WHAT YOU WILL DO: Within the listing below, please copy exactly the lines between the line holding "Brique Rouge Parement" and the line holding "Nature de ville", inclusive.

DATA SHOWN:
_ _ _ _ _
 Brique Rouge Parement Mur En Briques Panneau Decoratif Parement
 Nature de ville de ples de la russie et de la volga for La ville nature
_ _ _ _ _
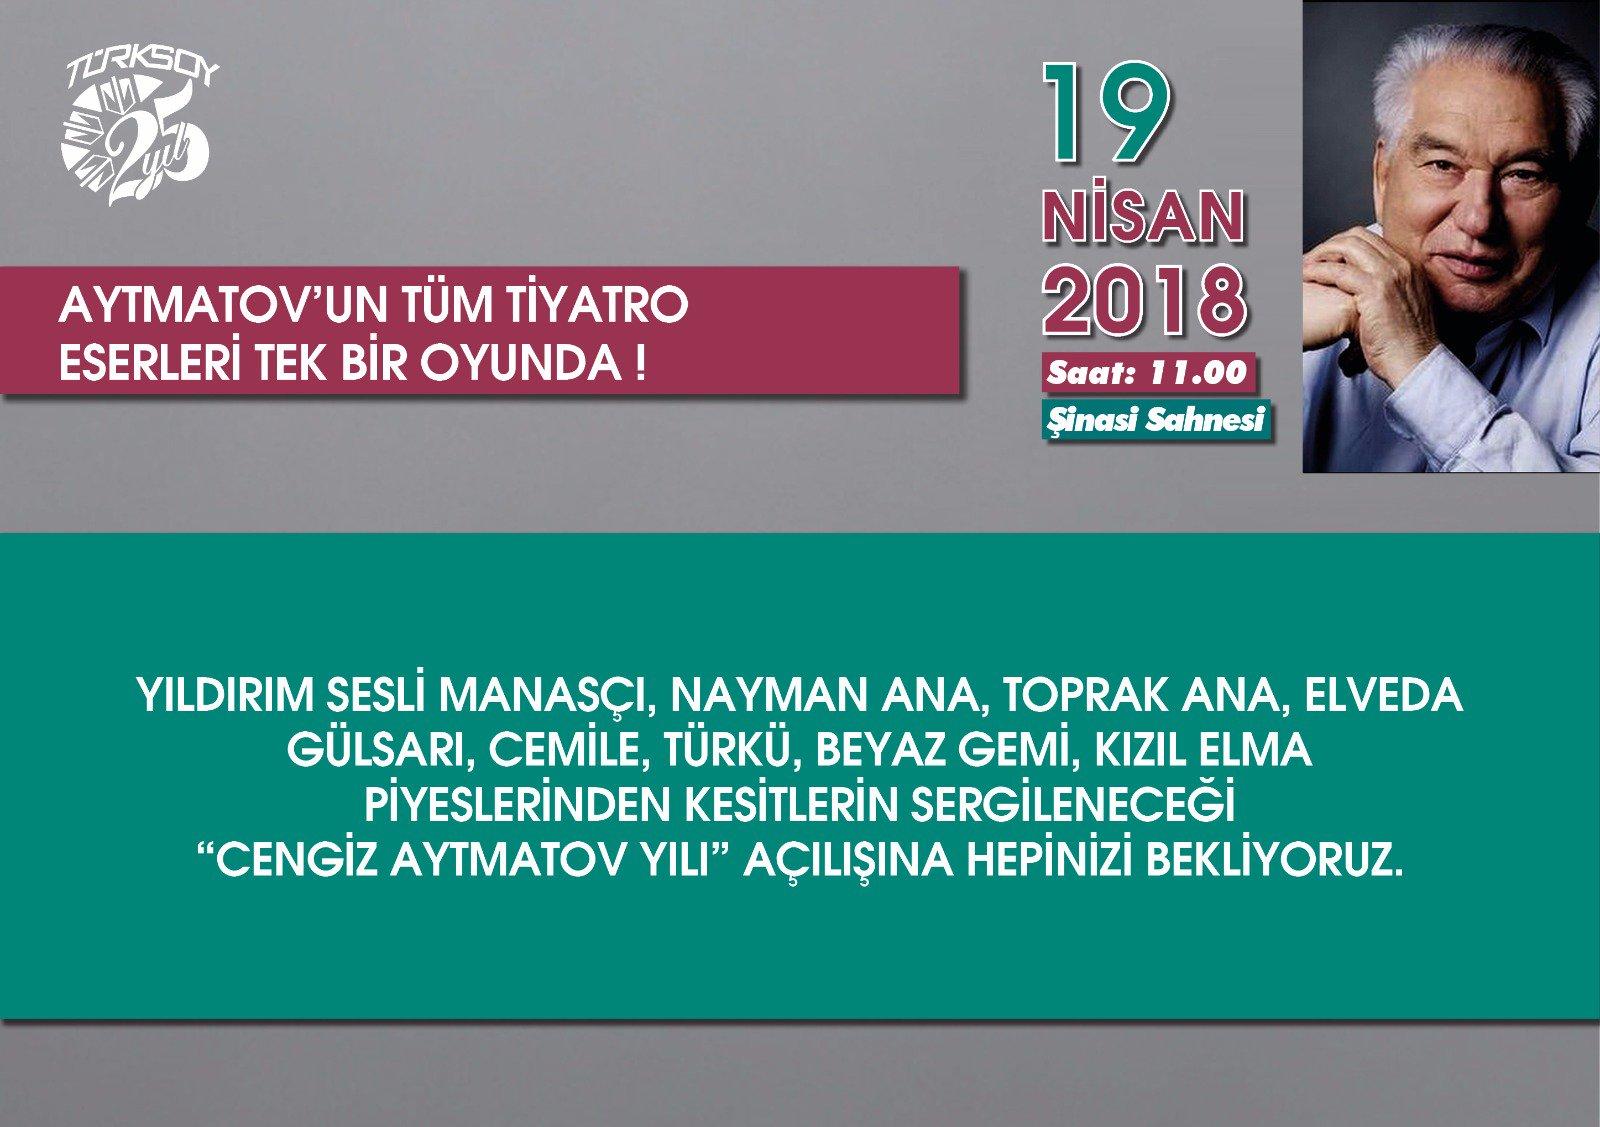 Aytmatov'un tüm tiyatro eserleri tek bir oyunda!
_ _ _ _ _
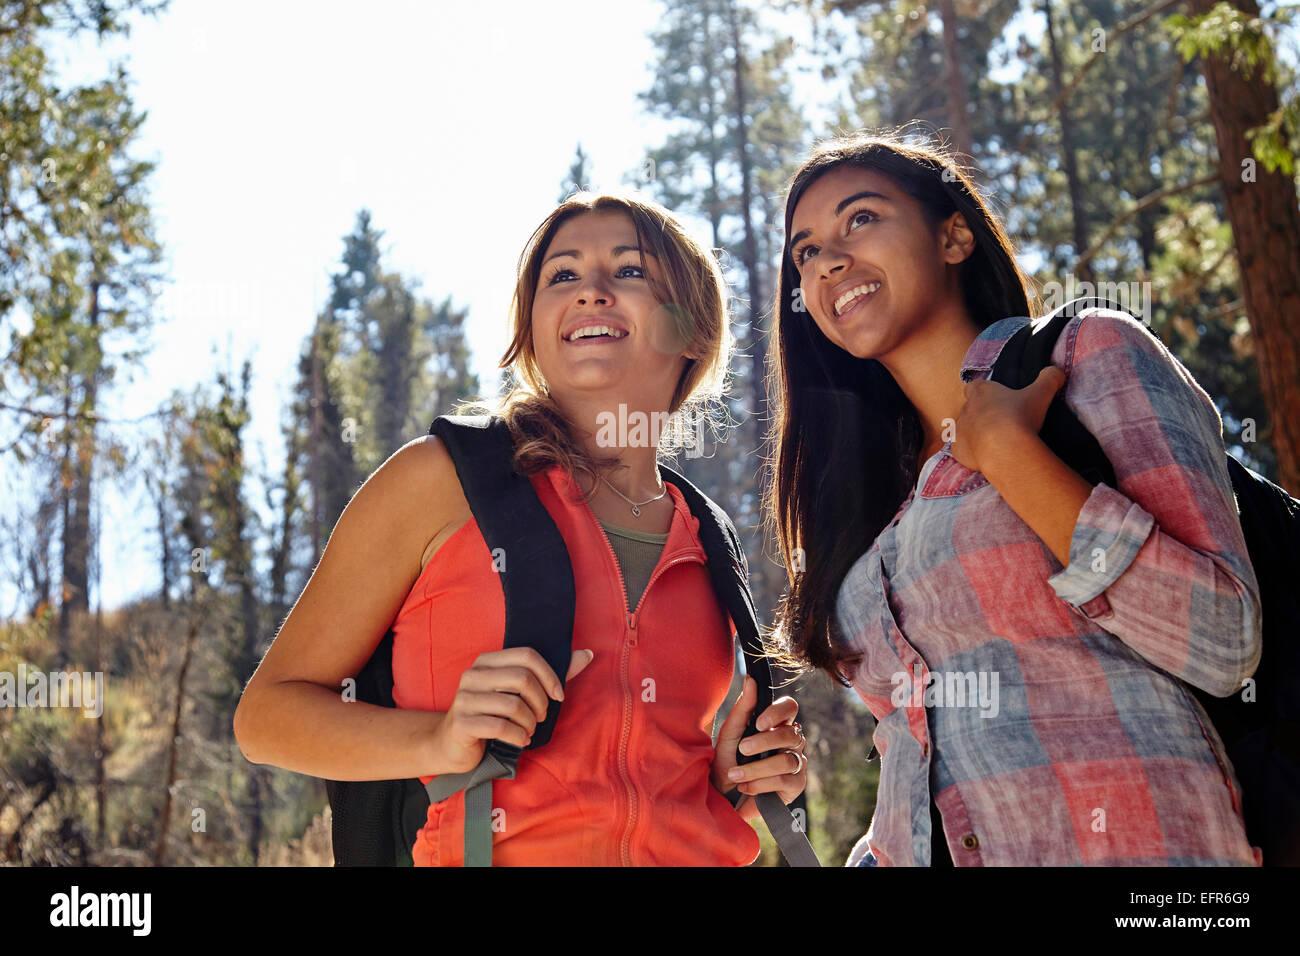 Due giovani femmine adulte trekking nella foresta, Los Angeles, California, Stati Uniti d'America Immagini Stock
_ _ _ _ _
RESULT BELOW:
 Brique Rouge Parement Mur En Briques Panneau Decoratif Parement
 Nature de ville de ples de la russie et de la volga for La ville nature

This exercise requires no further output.